Hard Shell Clamming

Clams - The All Purpose Bivalve


Hard-shell clamming takes work, but it’s well worth the effort. Hard shell clams are great by themselves or baked, minced for use in clam pie, put into a chowder, used for Clams Casino or many other dishes. Here are the basics for hard shell clamming.

First, you’ll want to get a shellfishing license from your local town or municipality. This license may be seasonal, or even per-month in some jurisdictions. With your license, you are normally provided a metal ring. Clams that pass through the ring are too small and should be put back. They’ll be the source of keeper clams next year, or the year after. Clams that don’t pass through the ring, are yours. The licensing authority can explain to you which beaches are (a) safe, (b) legal and (c) best in the area. It is important to ask about this, because in some years, some or all the beds in town may be closed for periods of time.

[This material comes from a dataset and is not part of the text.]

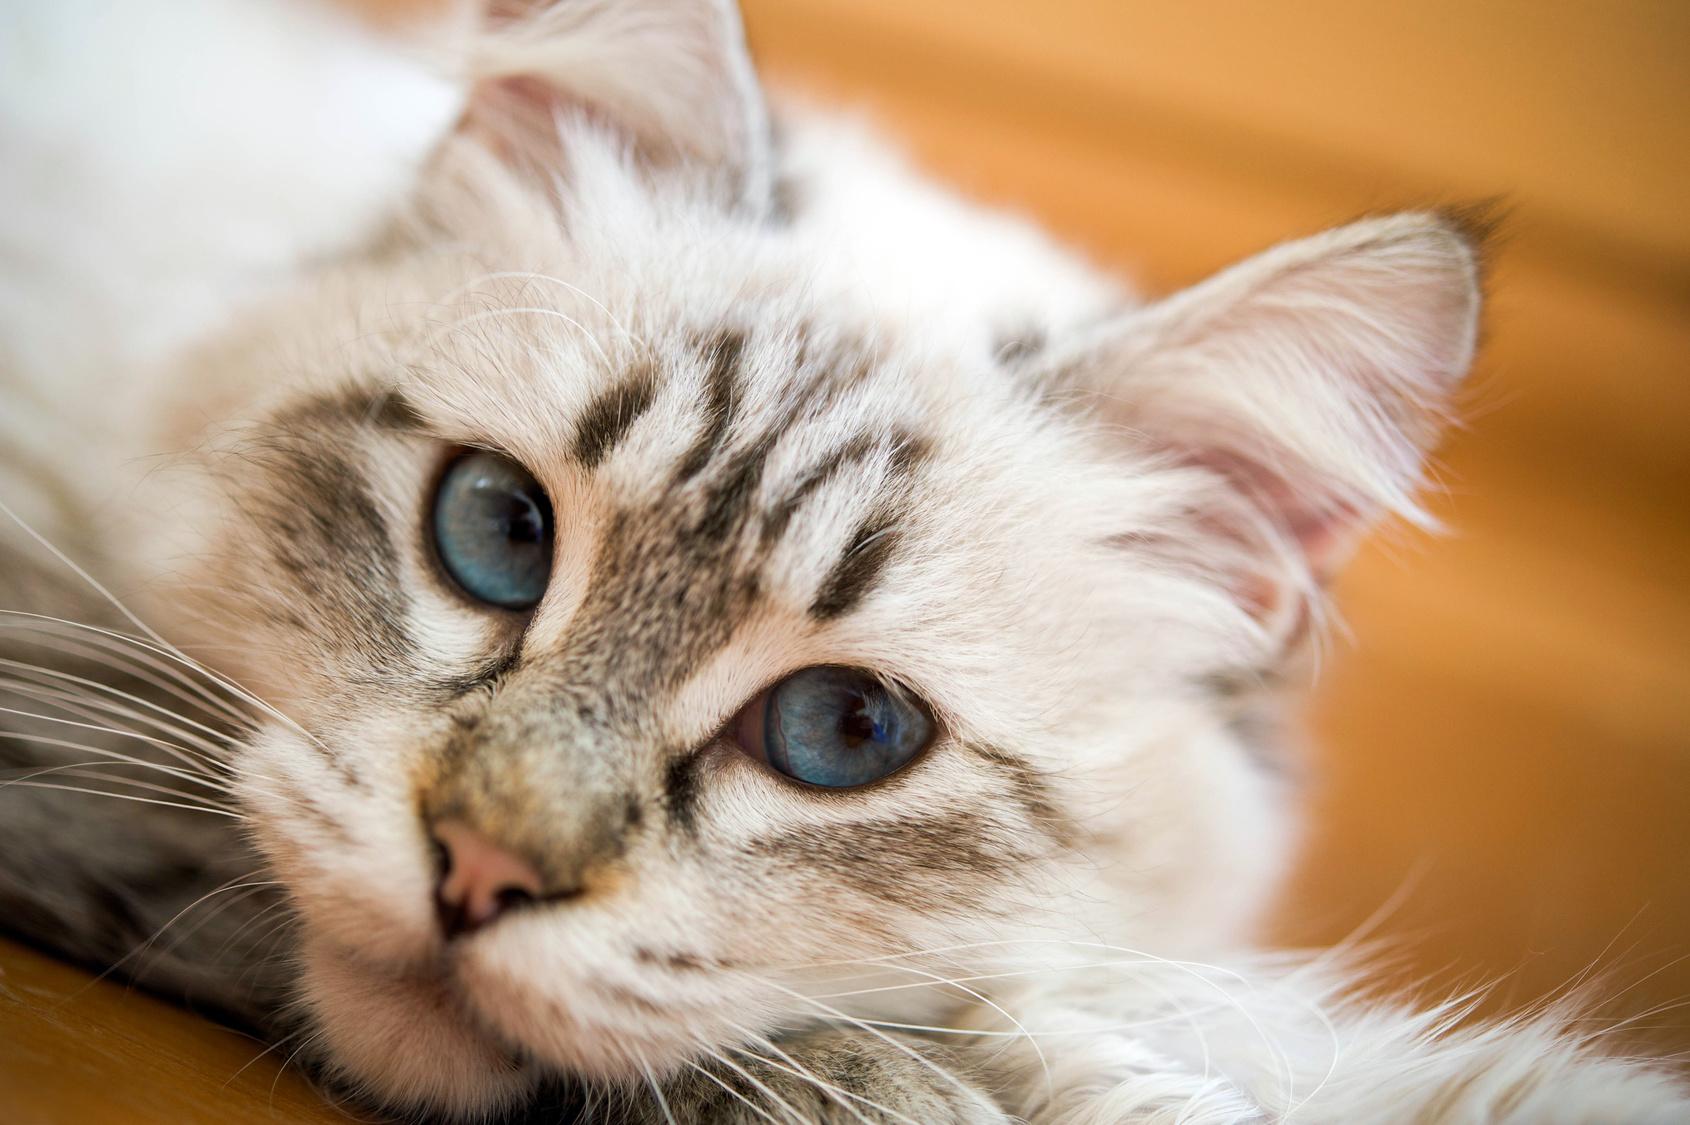 Katze Bild: Katze Rollig Trotz Kastration Homoopathie

This is due to red tide, a dynoflagellate organism that blooms from the Gulf of Maine south as far as Long Island in some seasons.

You also need up-to-date info from the licensing authority for protection of other potential contaminants. Runoff may contain heavy metals and often contains fertilizer, weed killer and other trace chemicals. The local authority will also test for the presence of E. coli, somewhat of a danger in itself but more often a marker for the presence of more dangerous microorganisms. In New England, it is generally the county that tests clam flats for safety by issuing requirements to the towns.

Next, check the tide chart. Digging for soft- or hard-shelled clams is best at dead low tide. And be sure to check the weather. Hard-shelled clamming means going into the water, so a very windy day, or stormy day, is a day not to head out. But let’s assume you have nice weather.

You will need:

• Waders. Unless the water is warm enough for prolonged exposure. In that case, old sneakers or the more modern swimming sandals are best. Don’t dispense with footwear. People that do, wind up with cuts on their feet. Where there are clams, there are broken shells to step on.
• A work shirt over an old t-shirt. Unless it’s warm, then just the t-shirt and some shorts. Expect the weather for your clamming to be somewhat colder than it appears. That’s because most beaches come with wind, due to the temperature imbalance between the water, land and air.
• Clamming gloves. I recommend rubberized, waterproof gloves. These will prevent your hands getting blistered or chapped.
• Sunblock. If it’s not summertime, you may wish to consider putting a layer of Lubriderm or other moisturizing cream on your face.
A clam rake. These are available at bait shops or saltwater fishing gear stores. The rake resembles an upturned wire basked with a ride of hooks at the end.
• A clam bucket.

You’re set! Now you get to your beach, set your bucket on the sand and wade in to about waist level. Extend your rake as far you can comfortably, then pull it toward you, raking down into the sand. When you’ve pulled the basket through the sand up to you, turn it over, to keep what’s inside the basket safe and slowly raise it out of the water. With luck, your first pull of the rake may turn up a few clams. If you make four passes and come up with no clams, walk ten feet in either direction and try again.

This method is used for littleneck, quahog and cherrystone clamming. Have fun!